Ulanoff’s article doesn’t seem to have gotten much of airing, so here is a slightly edited version of the critique that I posted in the comments. The subject is particularly relevant when, in the last month, we have seen Milo ousted from Twitter and AVfM’s own Facebook page being removed (apparently deleted, mysteriously to reappear a week later).

Ulanoff asks some important questions.  I’m a computer scientist and am also active in politics, so let me share my perspectives.

Why Twitter probably can’t do what Ulanoff asks

In short, I think automated anti-abuse is a terrible idea, however well-intentioned its motivation.  I trust computers to do repetitive, same-y things automatically, but I don’t trust them to make executive decisions (in the cognitive sense) or take control away from humans (which is why I think driverless cars and pilotless planes are a terrible idea also).

There’s no particular technological reason that I can think of why an automatic filter couldn’t be implemented although, depending on Twitter’s architecture, it could be expensive and given Twitter’s commercial disposition, they may not be in a position to wear such costs.  That may be why Twitter offers its “quality filter” only to its top tier, verified users (of which Leslie is one, so I guess Leslie didn’t have it turned on).

There are a variety of techniques including relatively simple Bayesian statistical methods, Machine Learning (which is not precisely AI, but rather a way of training a machine to recognise certain patterns) and Natural Language Processing that can, to some extent, understand the semantic meaning of tweets (though both might be frustrated by the abbreviations and general mangling necessitated by the 140 character limit).  All are likely to be computationally expensive relative to the volume of tweets because they must consider not only each individual tweet but hold a great deal of state about past tweets.

[Just to put some numbers on this, if Twitter sees a peak volume of 350k tweets/minute (as claimed by Ulanoff), the algorithm has just 170 microseconds (millionths of a second), to process each tweet.   For comparison, it takes about twenty times longer to retrieve a single bit of information from even the fastest hard disc.  Note that the quoted figure is more likely to be an average volume; any automatic system would have to be able to cope with the peak volume that may be in the millions of tweets per minute (or more) during significant world events.  With enough parallelism, it’s still possible — but it gets very complex very quickly.]

Keyword searches aren’t likely to be effective (and are trivially circumvented anyway in a sort of arms race with trolls; c.f. the “Scunthorpe Problem” (named after a town in North Lincolnshire, England) for a trivial example of why).

Ironically, Mashable’s comment system itself suffers from the Scunthorpe Problem: I had to bowdlerise the spelling of the name with spaces in order to get it past the ‘naughty word’ filter, which nicely exemplifies why automatic systems aren’t the silver bullet that Ulanoff seems to think.

The double irony is that this takes place in a discussion about whether false positives matter.

Counting tweets probably wouldn’t do anything useful.  If you count tweets received (regardless of where from), then all you can do is alert the recipient and ask them what they want to do.  I don’t see how that would stop abuse at its source.

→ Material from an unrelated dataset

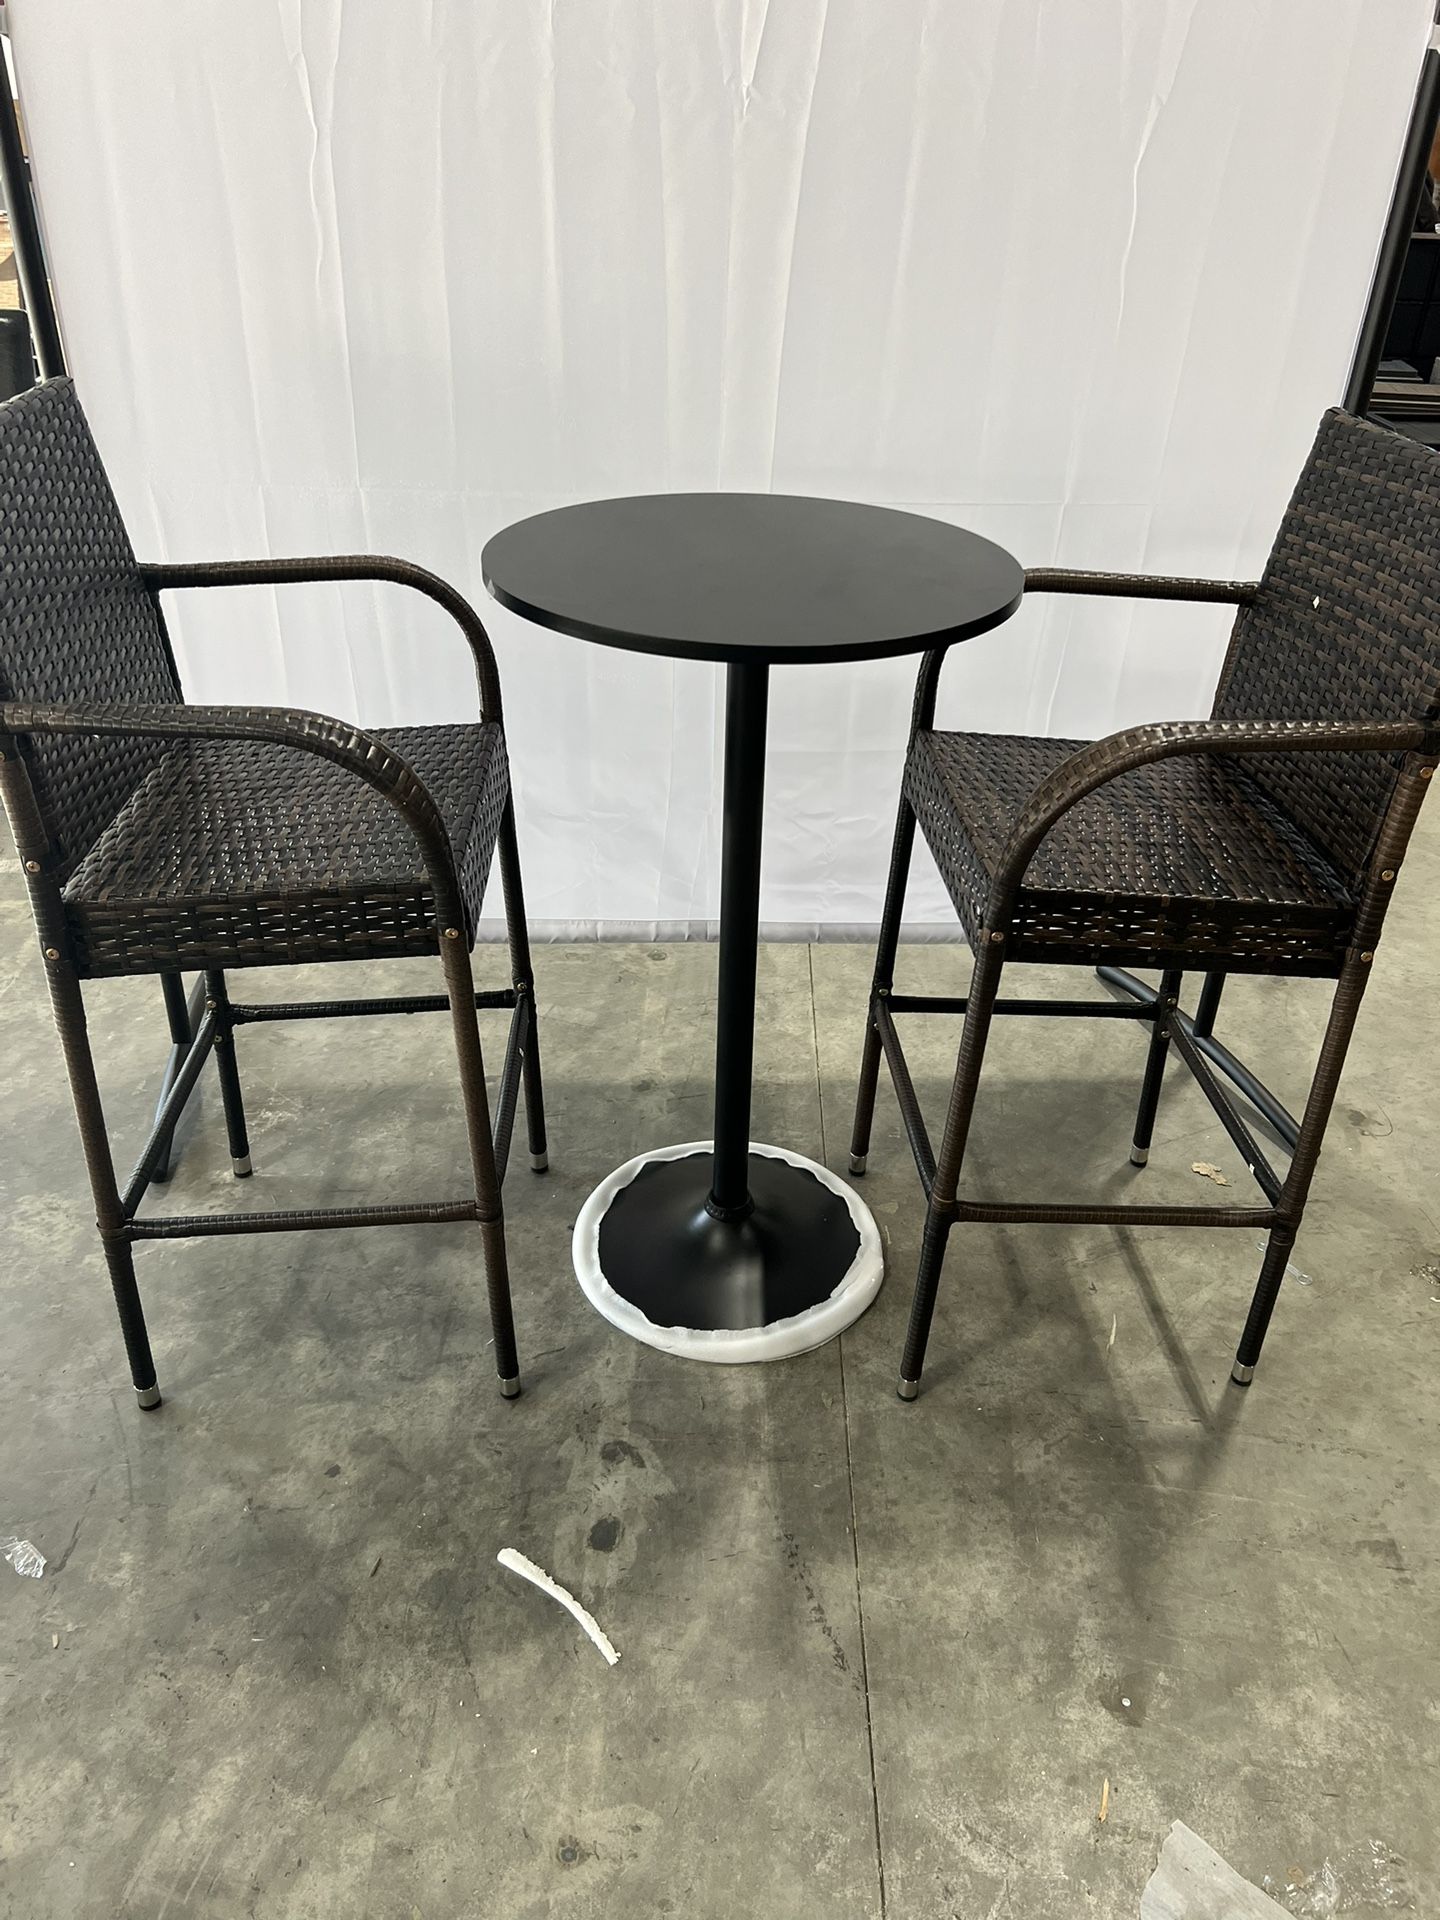 brand new Outdoor Bar Stools Set of 3， Patio Stools, Tall Patio Chairs and Table Wicker Rattan Outside Barstool with Back and Armrest (Brown，$200
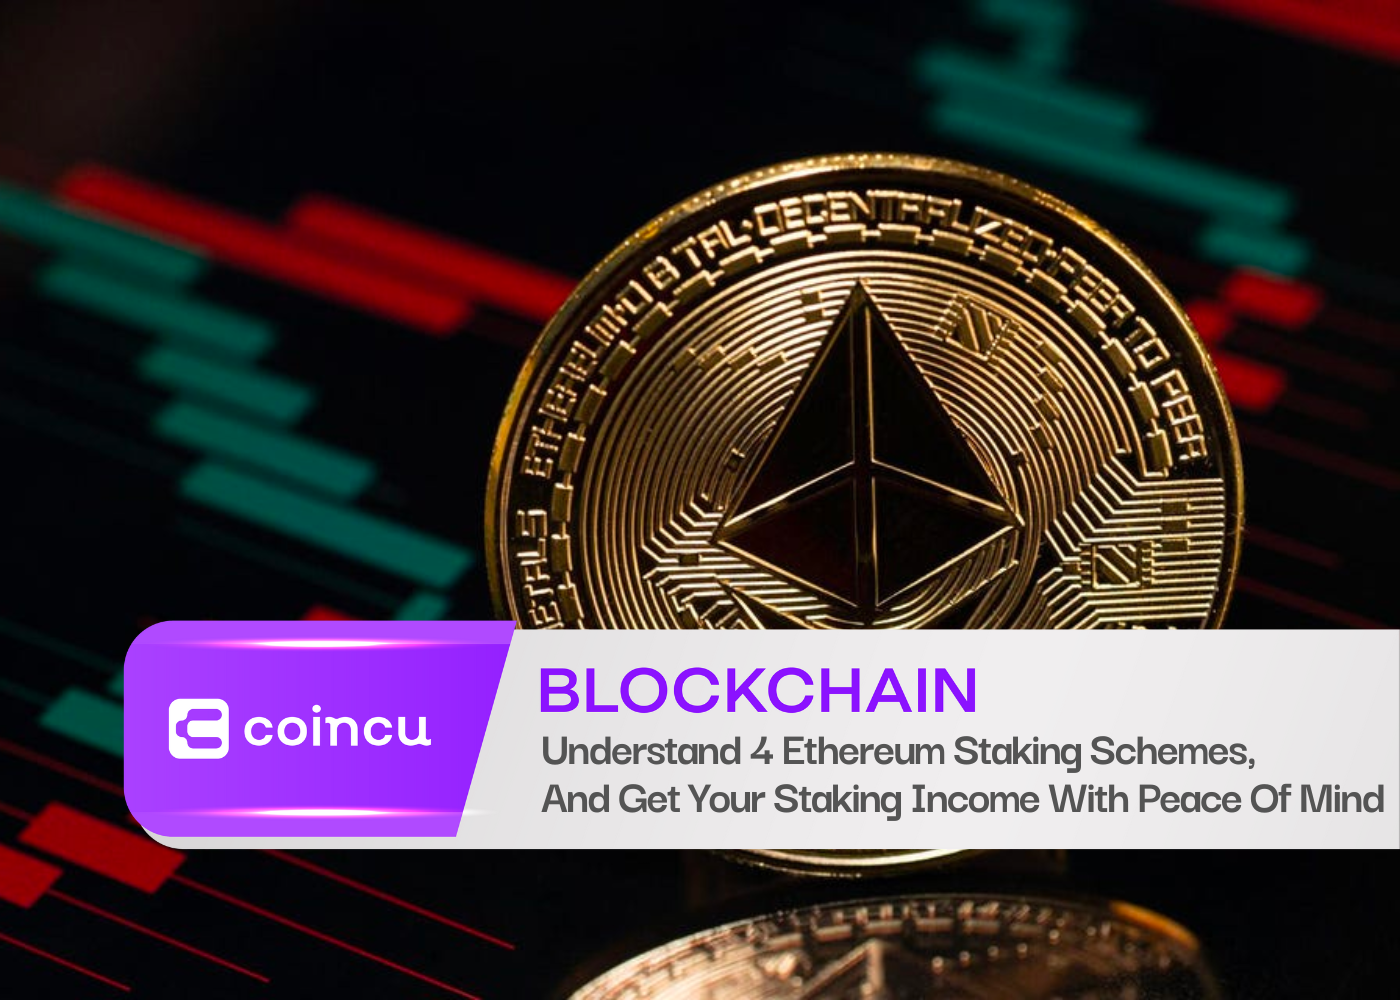 Understand 4 Ethereum Staking Schemes, And Get Your Staking Income With Peace Of Mind

If you count tweets sent, you’ll (potentially) catch spammers and individuals targeting an individual, but that won’t help dogpiling in general (because the tweets are coming from multiple sources) nor in the Milo/Leslie case specifically.  Dogpiling is analogous to distributed denial of service attacks, a scourge to which the best minds still have not found a comprehensive, robust and automatic solution.

But the biggest problem is the subjectivity of what constitutes abuse: if there can be significant disagreement between any given pair of humans as to whether a given instance is abusive, what chance has a computer to figure it out automatically?  Of course, whether a given pair of humans agree or disagree is likely to follow political persuasion, but even controlling for that there will still be a lot of disagreement.  Just look at reactions within conservative circles to Milo’s ban for an example.

So the reason Twitter doesn’t automate identification of hateful and abusive speech is probably because it can’t, not with much reliability.  The best they can do is rely on reporting mechanisms.

But reporting mechanisms can be abused, too.  Reddit is plagued with brigading attacks (where a bunch of people collude to influence voting one way or the other) and both Twitter and Facebook’s reporting mechanisms are regularly abused in much the same way which is probably why Facebook, in particular, are under fire for ‘censorship’.

Prevention impersonation by theft of names and/or avatars

A lot of the time, unicode characters are used to simulate a few characters from the target’s name that look similar to the target’s name.  To the human eye, they look nearly identical; to a computer, they are quite different.  If Twitter dropped unicode support (its developers may celebrate because unicode is horrible to work with!), say goodbye to languages that use non-Latin alphabets and many diacritics in those that do.  So preventing a bad-faith user from using their target’s name is rather harder than Ulanoff might think.

Image comparison is harder still because there can be a lot of binary differences between two images that otherwise look identical (or very close to).  Comparison algorithms can be frustrated by various techniques including sharpening, blurring or noise  There is even a branch of cryptography called steganography that exploits this fact in which a message is encoded in noise that will probably look just like grain (à la film) or texture.  Example: YouTube use an algorithm to detect pirated content, but it can’t intercept pirated videos in realtime, and the algorithm can be confounded by various distortions which, while they reduce the quality of the pirated video, are still perfectly watchable.

Twitter’s [allegedly] slow handling of abuse reports

Twitter’s reporting mechanism must certainly be automated, so the slow response to reported tweets is probably a reflection of the way their algorithm works: it probably needs to receive sufficiently many complaints within a certain timeframe before it will act.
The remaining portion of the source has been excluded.